Finally Ivan was released. He was escorted back to his room, where he
was given a cup of coffee, two soft-boiled eggs and white bread with butter.
Having eaten and drunk all that was offered him, Ivan decided to wait
for whoever was chief of this institution, and from this chief to obtain
both attention for himself and justice.
And he did come, and very soon after Ivan's breakfast. Unexpectedly,
the door of Ivan's room opened, and in came a lot of people in white coats.
At their head walked a man of about forty-five, as carefully shaven as
an actor, with pleasant but quite piercing eyes and courteous manners. The
whole retinue showed him tokens of attention and respect, and his entrance
therefore came out very solemn. 'Like Pontius Pilate!' thought Ivan. Yes,
this was unquestionably the chief. He sat down on a stool, while everyone
else remained standing.
'Doctor Stravinsky,' the seated man introduced himself to Ivan and gave
him a friendly look.
'Here, Alexander Nikolaevich,' someone with a trim beard said in a low
voice, and handed the chief Ivan's chart, all covered with writing.
They've sewn up a whole case!' Ivan thought. And the chief ran through
the chart with a practised eye, muttered 'Mm-hm, mm-hm...', and exchanged a
few phrases with those around him in a little-known language. 'And he speaks
Latin like Pilate,' Ivan thought sadly.
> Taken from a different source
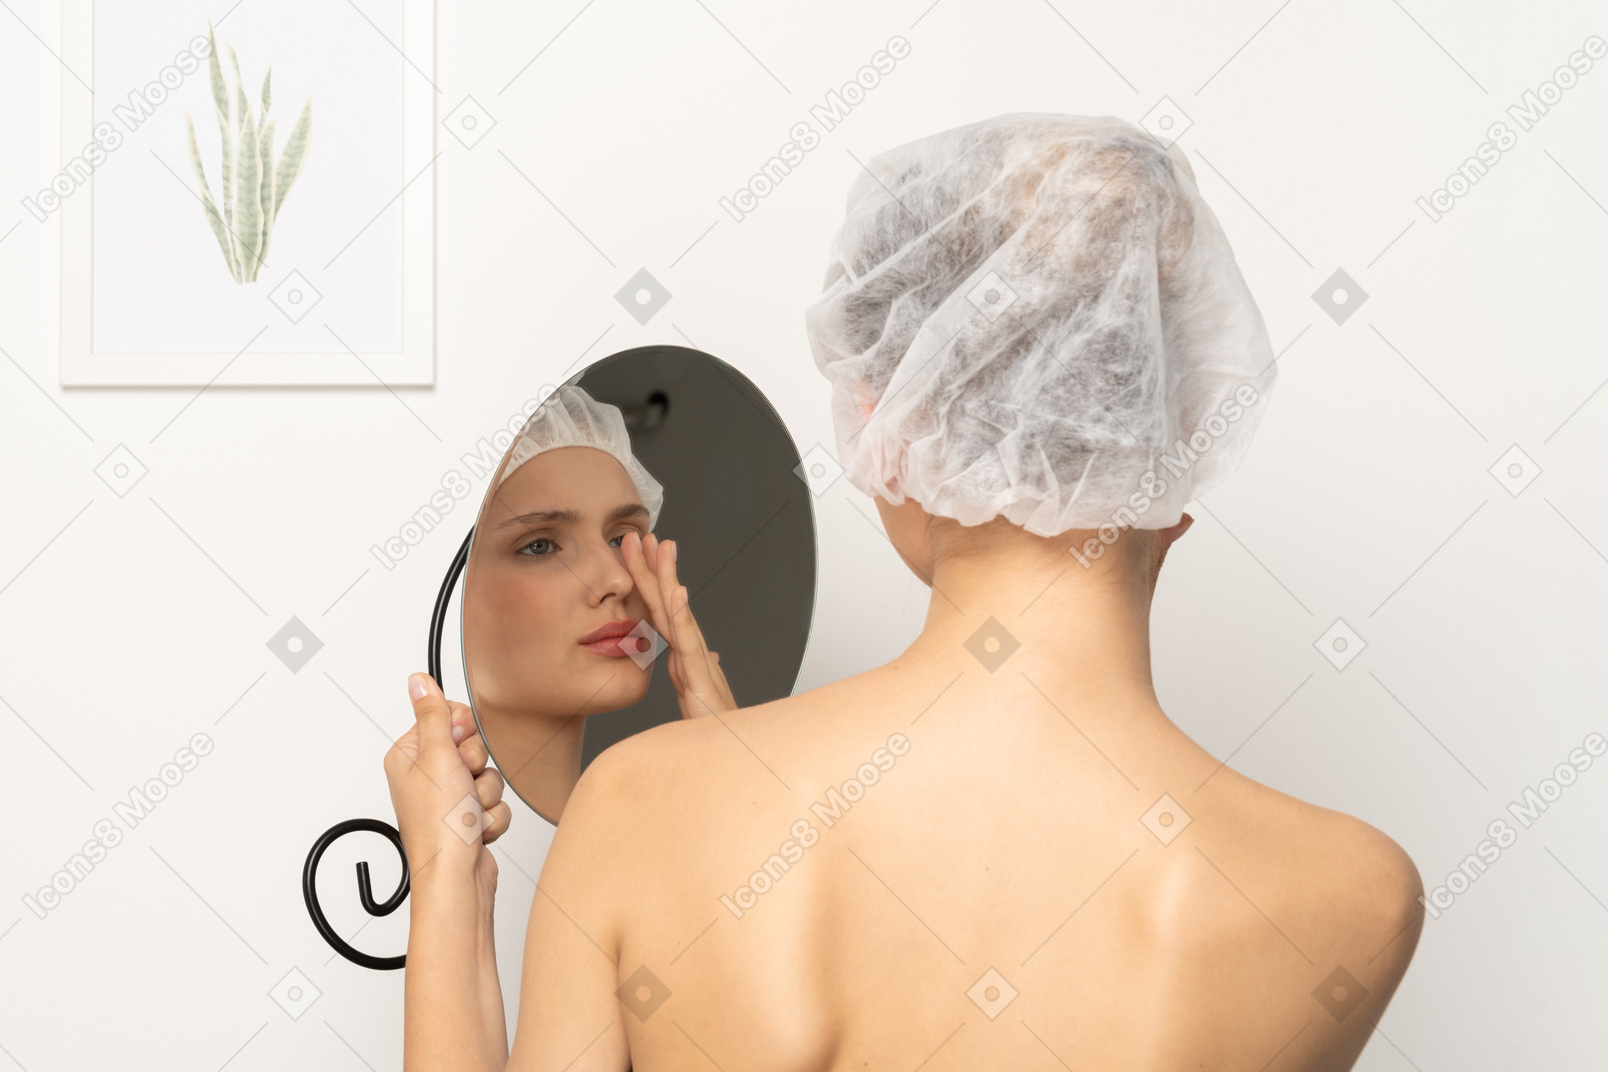 거울에 비친 자신의 모습을 바라보는 의료 모자를 쓴 불안한 여성

Here one word made him jump; it was
the word 'schizophrenia' - alas, already uttered yesterday by the cursed
foreigner at the Patriarch's Ponds, and now repeated today by Professor
Stravinsky. 'And he knew that, too!' Ivan thought anxiously.
The chief apparently made it a rule to agree with and rejoice over
everything said to him by those around him, and to express this with the
words 'Very nice, very nice...'
'Very nice!' said Stravinsky, handing the chart back to someone, and he
addressed Ivan:
'You are a poet?'
`A poet,' Ivan replied glumly, and for the first time suddenly felt
some inexplicable loathing for poetry, and his own verses, coming to mind at
once, seemed to him for some reason distasteful.
Wrinkling his face, he asked Stravinsky in turn:
'You are a professor?'
To this, Stravinsky, with obliging courtesy, inclined his head.
'And you're the chief here?' Ivan continued.
Stravinsky nodded to this as well.
'I must speak with you,' Ivan Nikolaevich said meaningly.
That is what I'm here for,' returned Stravinsky.
'The thing is,' Ivan began, feeling his hour had come, `that I've been
got up as a madman, and nobody wants to listen to me!...'
'Oh, no, we shall hear you out with great attention,' Stravinsky said
seriously and soothingly, 'and by no means allow you to be got up as a
madman.'
'Listen, then: yesterday evening I met a mysterious person at the
Patriarch's Ponds, maybe a foreigner, maybe not, who knew beforehand about
Berlioz's death and has seen Pontius Pilate in person.'
The retinue listened to the poet silently and without stirring.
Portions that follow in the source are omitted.